The shamrock is forbid by law to grow on Irish ground;
Saint Patrick’s day no more we’ll keep, his color can’t be seen,
For there’s a bloody law agin’ the Wearin’ o’ the Green.
I met with Napper Tandy and he tuk me by the hand,
And he said, “How’s poor auld Ireland, and how does she stand?”
She’s that most distressful country that ever you have seen,
They’re hanging men and women there for wearing of the green.
Then since the color we must wear is England’s cruel red,
Sure, Ireland’s sons will ne’er forget the blood that they have shed;
You may take the shamrock from your hat, and cast it on the sod,
But ’twill take root and flourish still, tho’ under foot ’tis trod;
When the law can stop the blades of grass from growing as they grow,
And when the leaves in summer time their verdure dare not show,
Then I will change the color I wear in my caubeen,
But till that day, please God, I’ll stick to wearing of the green.
But if at last our color should be torn from Ireland’s heart
Her sons in shame and sorrow from the dear old soil will part,
I’ve heard whisper of a country that lies far beyant the say,
Where rich and poor stand equal in the light of freedom’s day;
Oh, Erin, must we lave you, driven by a tyrant’s hand,
Must we seek a mother’s welcome from a strange but happy land!
Where the cruel cross of England’s thralldom never shall be seen,
And where, in peace, we’ll live and die, a-wearing of the green.
We have a Minnesota text this month for the long-popular Irish patriotic song “The Wearing of the Green.” Dublin-born stage singer and theatrical innovator Dion Boucicault composed this song in 1865, borrowing the “wearing of the green” refrain, the last half of the first verse and possibly the melody from an existing song dating to the 1798 rebellion.
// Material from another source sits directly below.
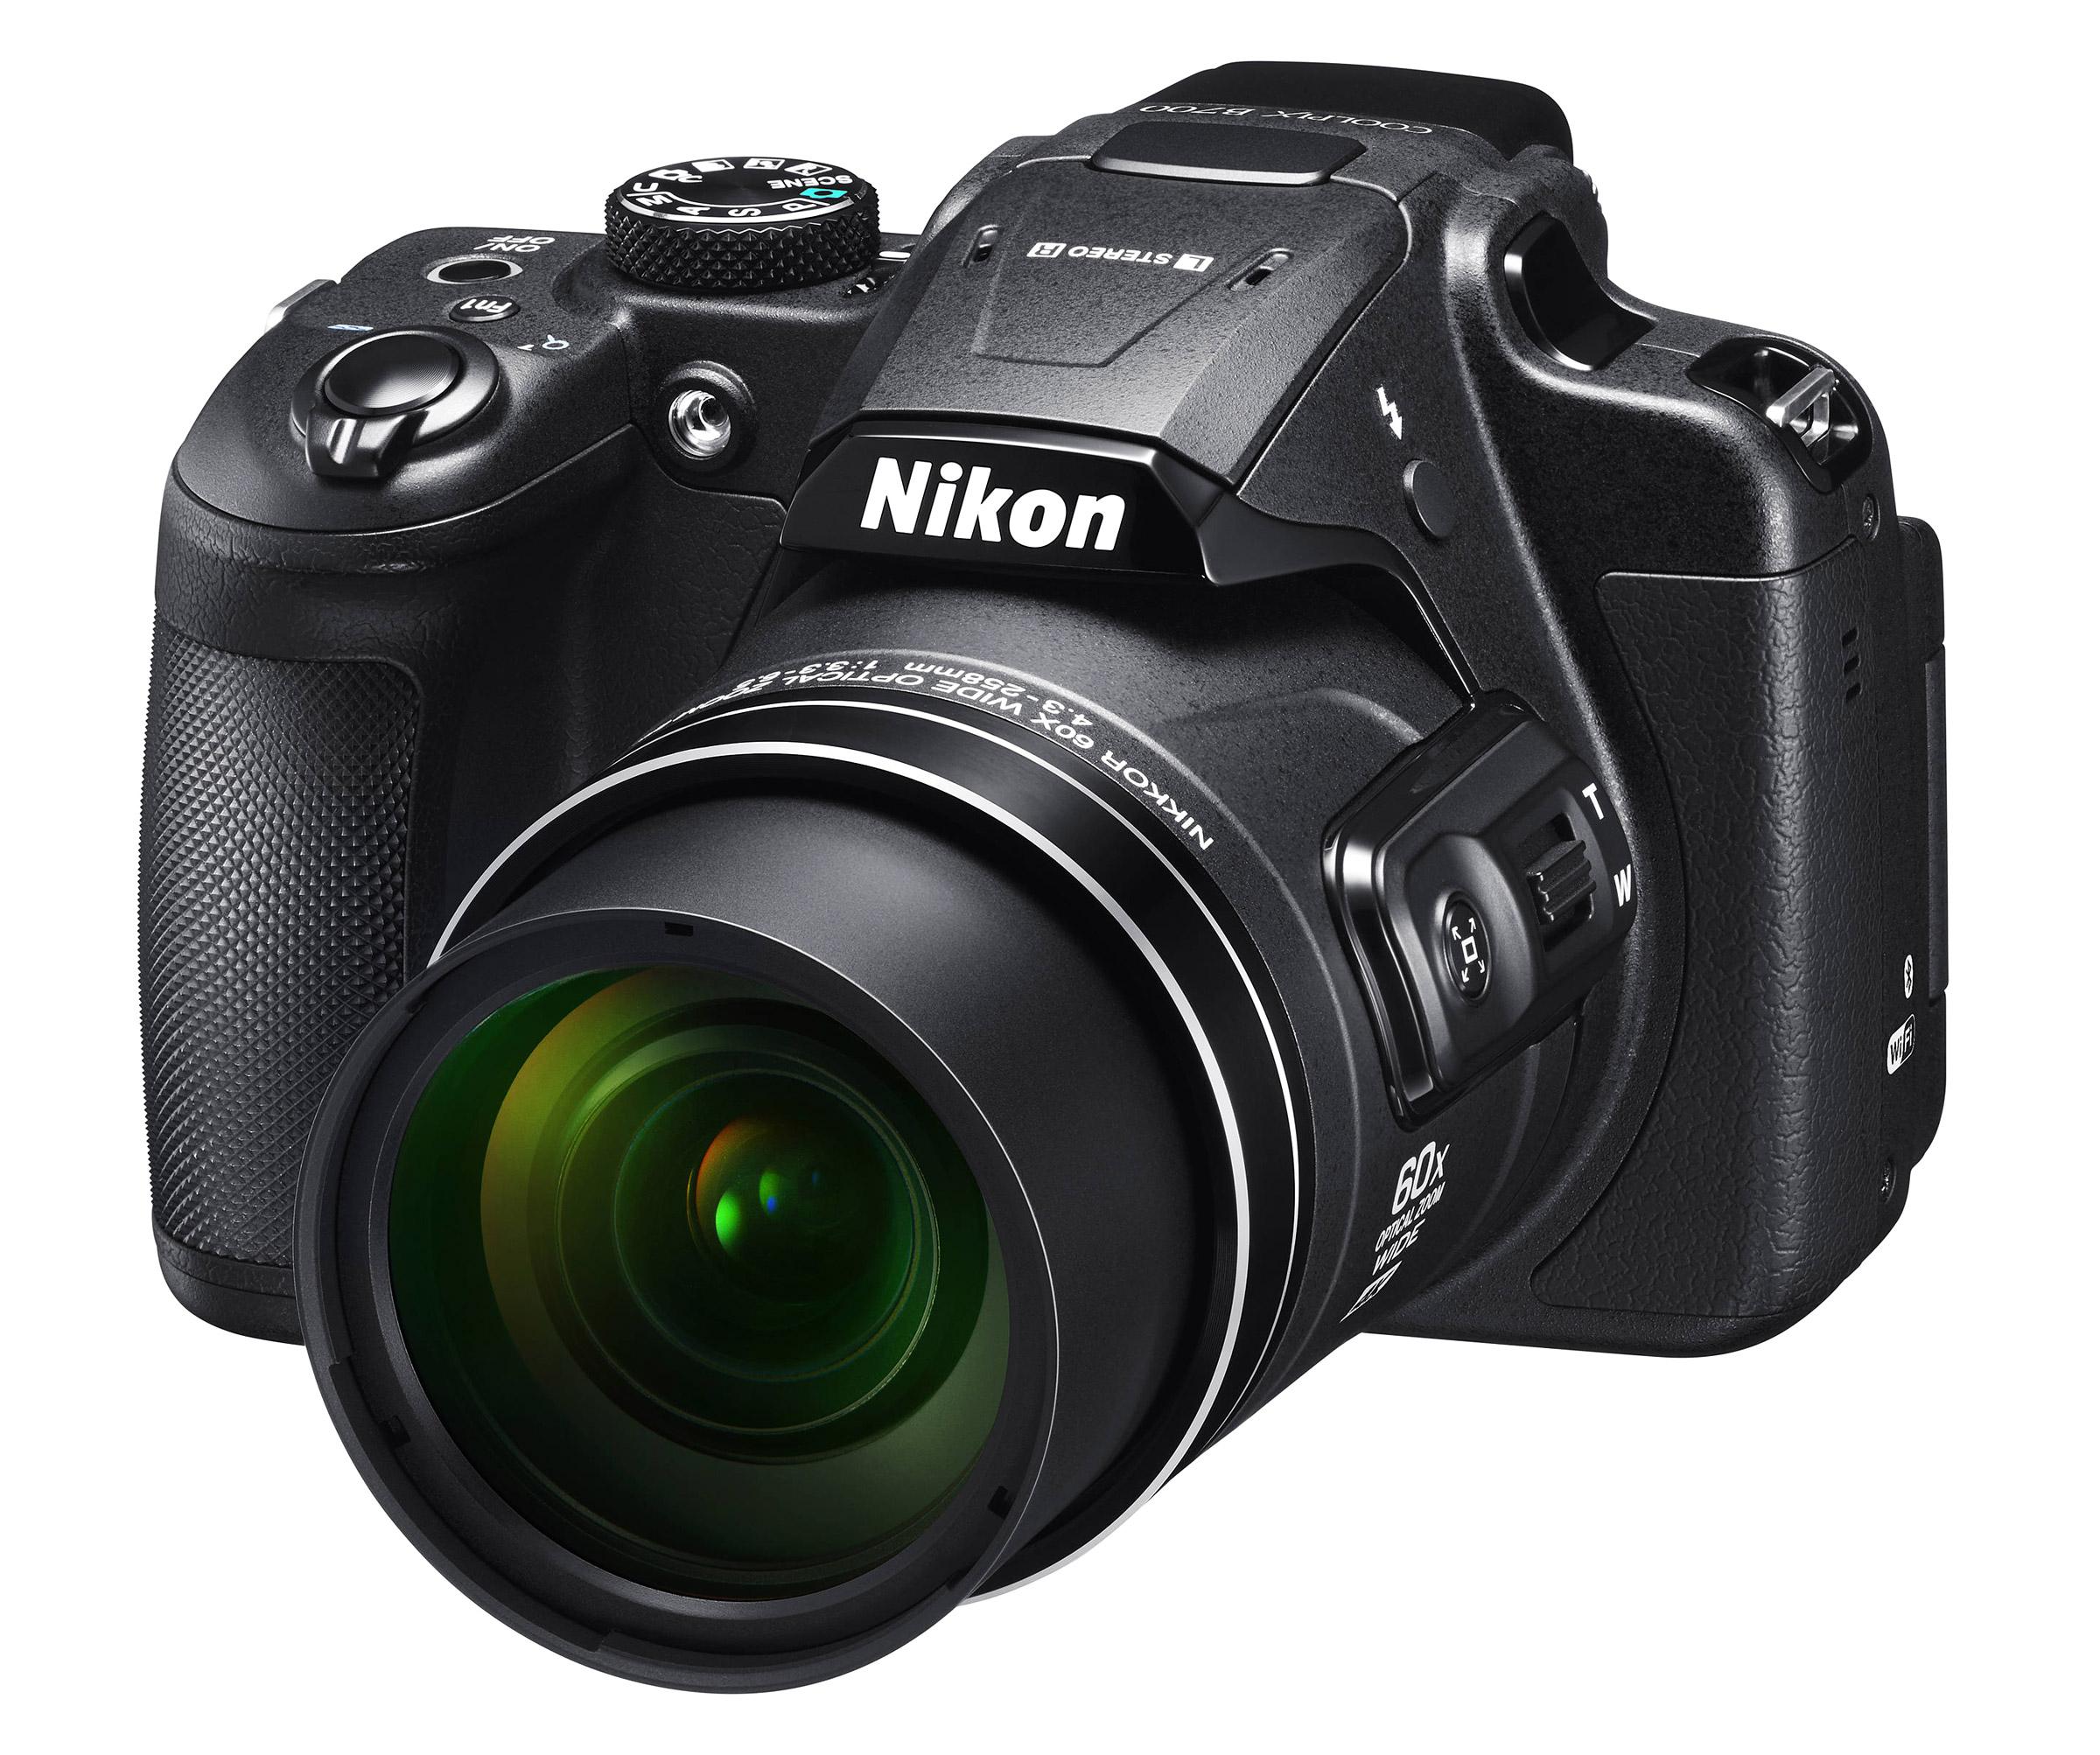 Fotocamera compatta nikon coolpix l110 33

The earlier song, as printed by H. Halliday Sparling in Irish Minstrelsy (c. 1887), has the protagonist fleeing to France where Napoleon himself asks “How is old Ireland and how does she stand?” Boucicault moved the land of refuge to America: the land “far beyant the say, where rich and poor stand equal in the light of freedom’s day.”
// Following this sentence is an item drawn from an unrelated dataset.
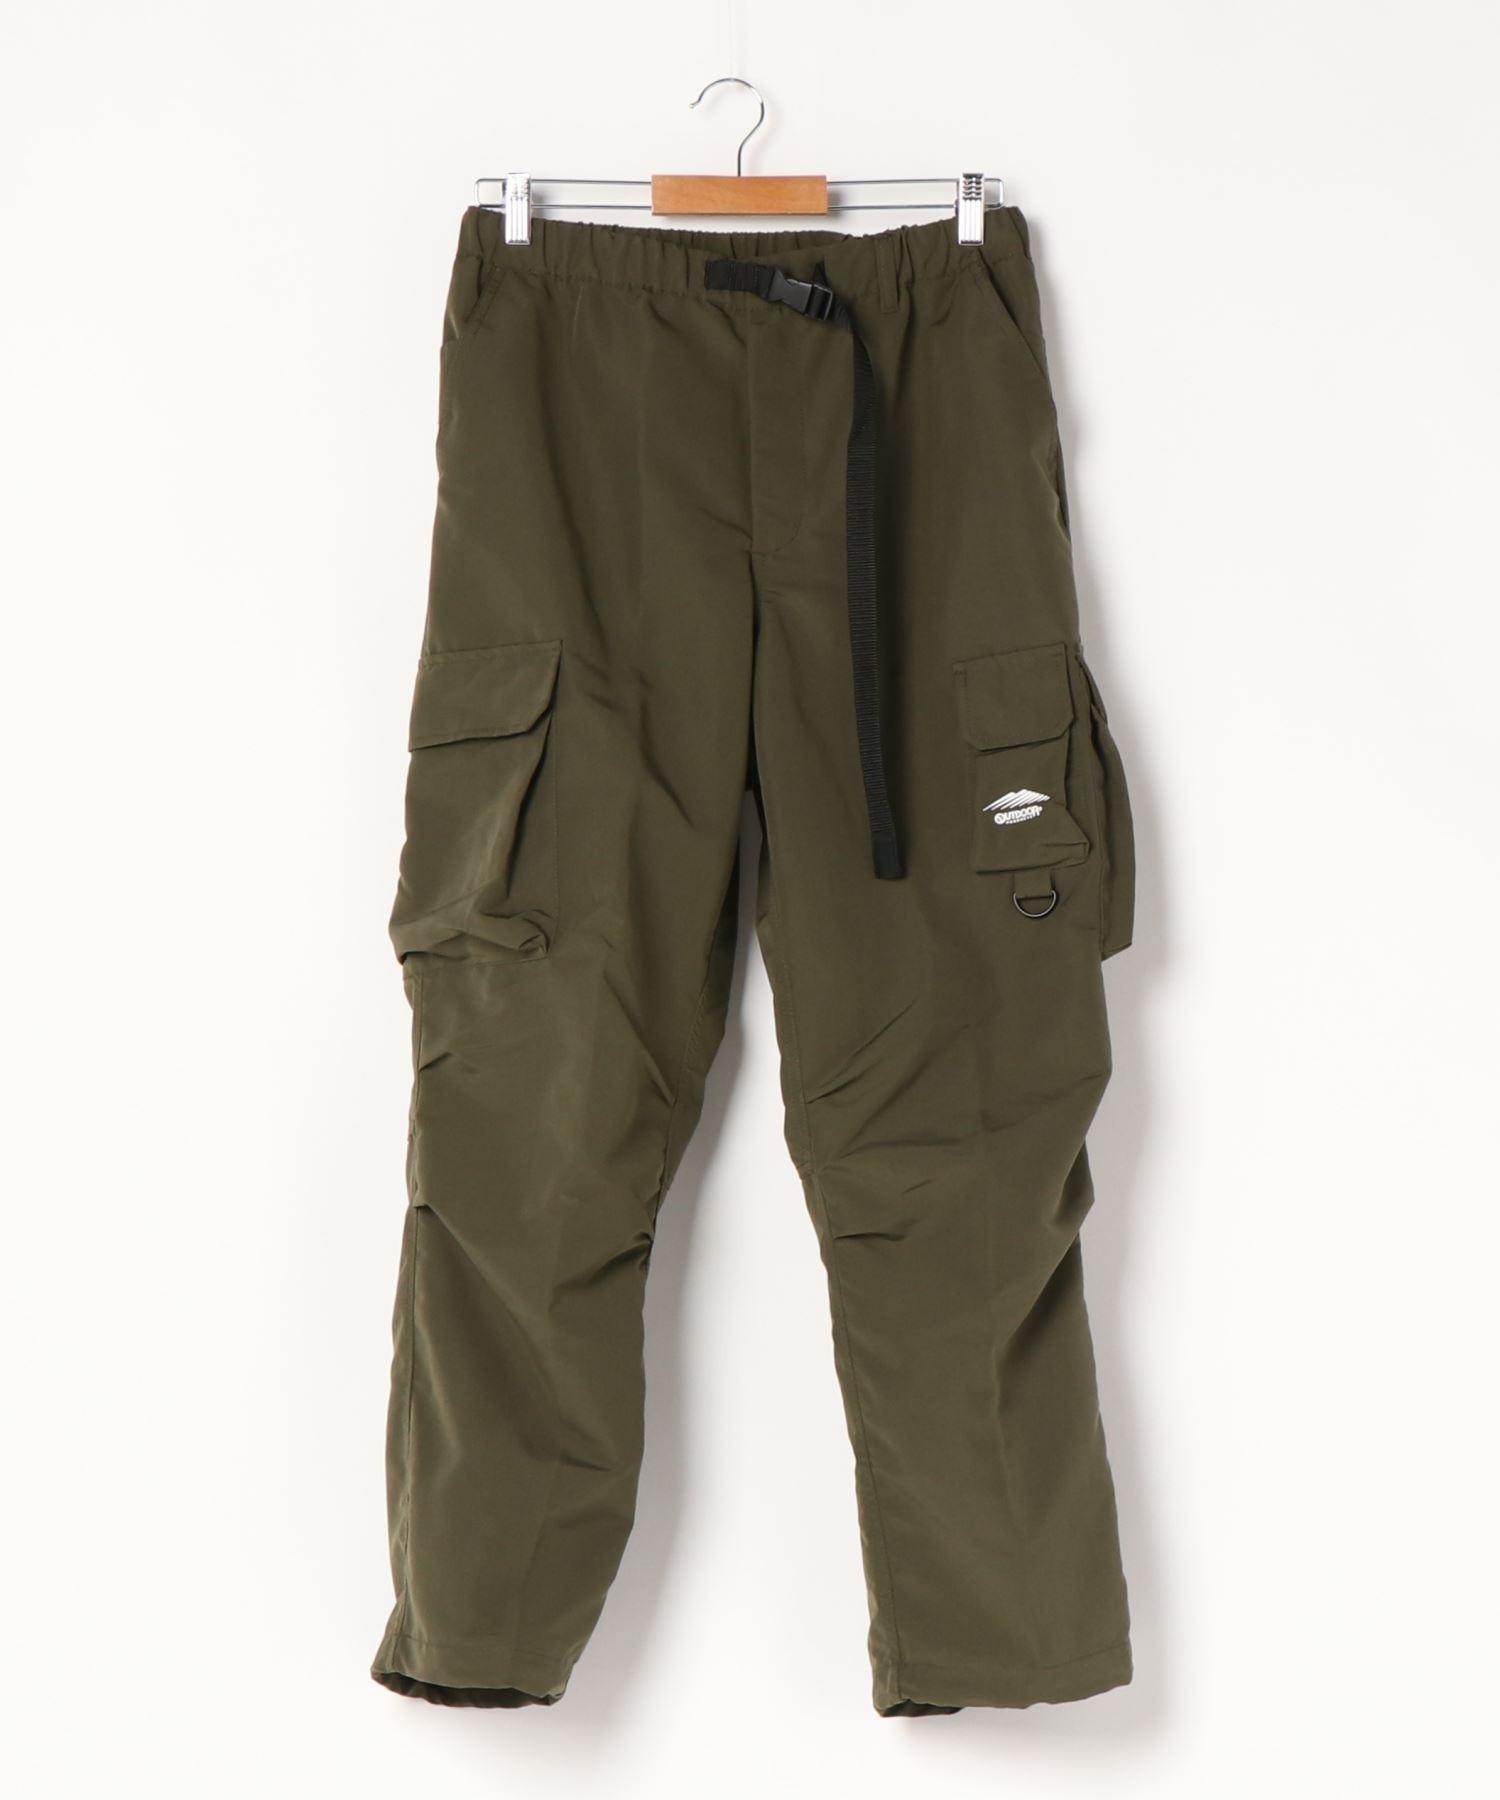 難燃カーゴパンツ 撥水  着るBAGシリーズ  ポケット10個  収納力抜群 裾スピンドル仕様

Though lovers of traditional songs sometimes lose interest when a song is revealed to have originated on the commercial stage, there is much to be learned and appreciated from the context of these songs. The late, great scholar of Irish-American song Mick Moloney says Boucicault, an international superstar in his day, “single-handedly upgraded the popular image of the Irish male in this country during the 1860s.” At a time when stereotypical, buffooning Irish characters dominated American popular theater, Boucicault was on a crusade against this brand of what Dr. Eoin McKiernan would dub “shamroguery” a century later. Stephen Watt quotes Boucicault as saying:
The fire and energy that consists of dancing around the stage in an expletive manner, and indulging in ridiculous capers and extravagances of language and gesture, form the materials for a clowning character, known as the ‘Stage Irishman,’ which it has been my vocation to abolish.
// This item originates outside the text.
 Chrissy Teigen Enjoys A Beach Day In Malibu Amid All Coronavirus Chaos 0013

Watt Stephen. 1991. Joyce, O’Casey and the Irish Popular Theater. 1st ed. Syracuse N.Y: Syracuse University Press.
Minnesota singer Michael Dean sang a few songs that reveled in stereotypes denigrating Irish immigrants alongside many other songs that preserved the dignity of his fellow Irish-Americans. His repertoire is a fascinating blend of older traditional songs and stage hits from his lifetime. He left only the above text for his version of this one so I have adapted it to a version of the usual melody as printed by Alfred Perceval Graves in The Irish Songbook.